Includes bibliographical references (p. 95).
Advancements in the CMOS Image Sensor have enabled very high-performance, high resolution imaging systems to be built at relatively low cost. The availability of high-pixel count video imaging systems that can cover a wide field-of-view enables a surveillance technique called Virtual Pan-Tilt-Zoom. Virtual Pan-Tilt-Zoom provides the same functional properties as a mechanical pan-tilt-zoom setup, but it does not suffer from the physical limitations presented by a mechanical setup. A video system using Virtual Pan-Tilt-Zoom would have immediate continuous access to a high pixel-count image representing a wide coverage area, and it would enable a user to "virtually" pan, tilt, and zoom around the coverage area by reading out only the relevant image data associated with a Region of Interest that is dynamically defined by the user.

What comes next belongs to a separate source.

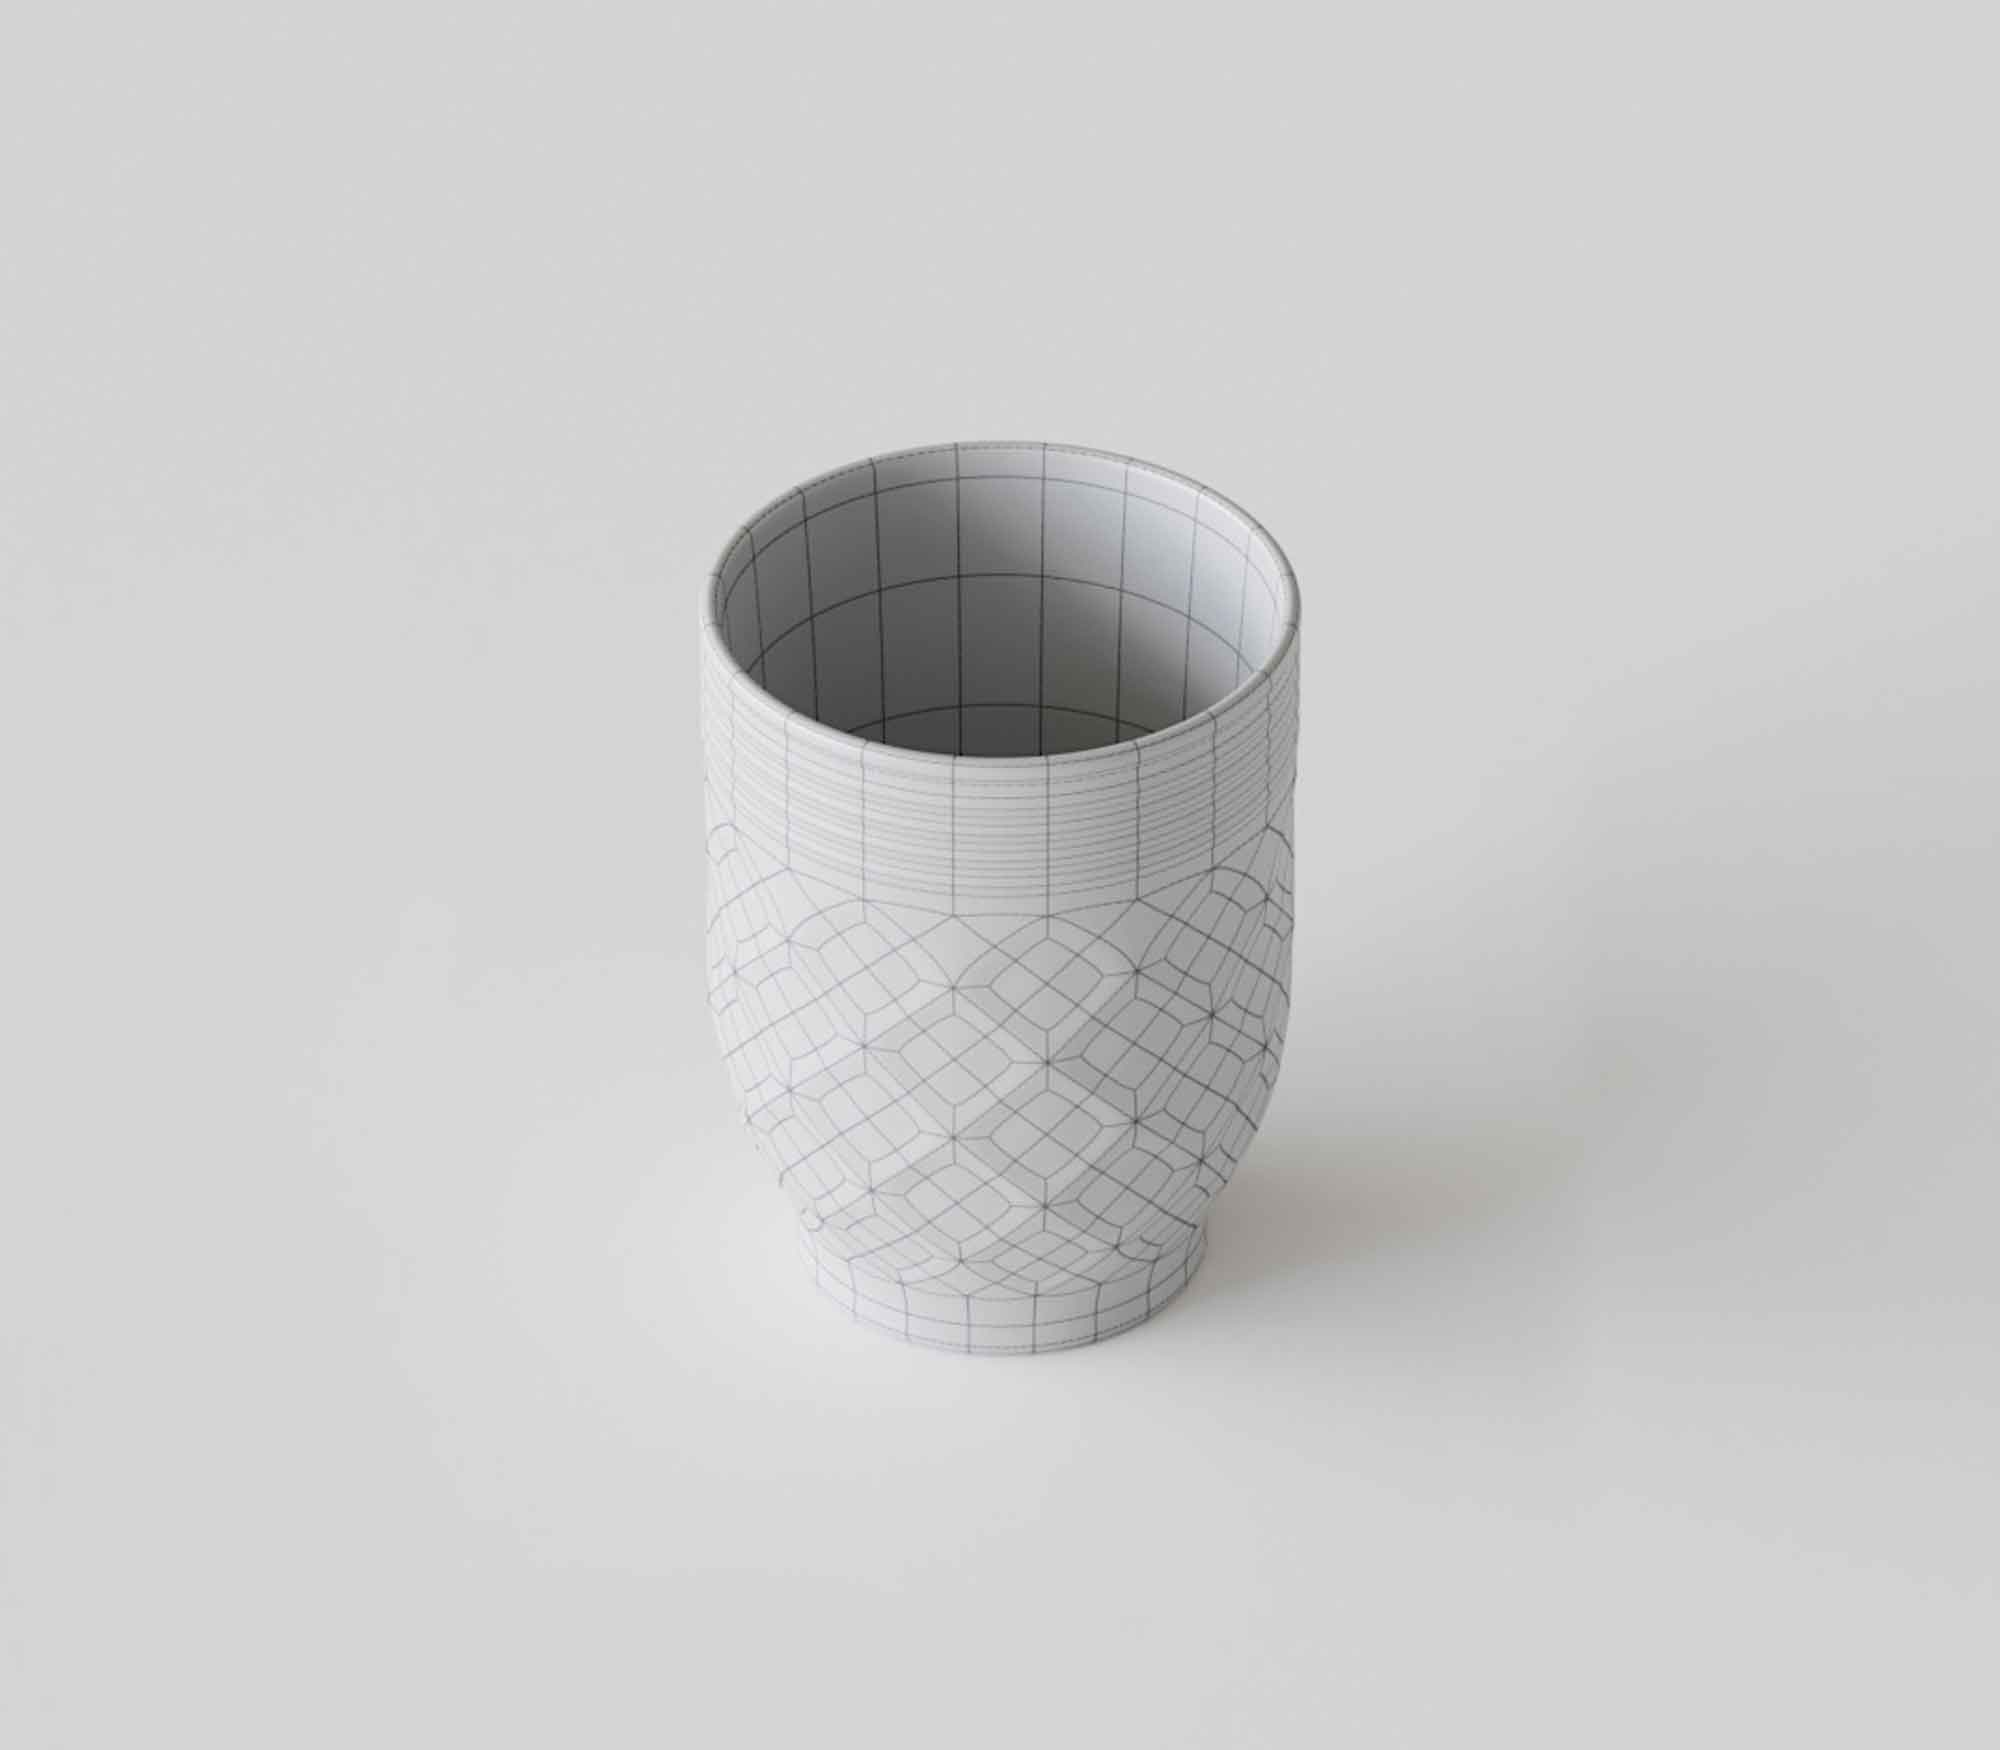 Kitchenware 3D Model 6

This paper will examine the various camera electronics readout architectures that are possible to support the Virtual Pan-Tilt-Zoom function. Then, this project will examine and implement a specific implementation of the readout architecture for a high-resolution video camera system developed at MIT Lincoln Laboratory. The Multi-Aperture Sparse Imager Video System (MASIV) developed at MIT Lincoln Laboratory incorporates CMOS imagers to create an 880 Mega pixel image, and was used as the platform to implement the camera electronics for Virtual Pan-Tilt-Zoom functionality.
by Richard Sinn.
M.Eng.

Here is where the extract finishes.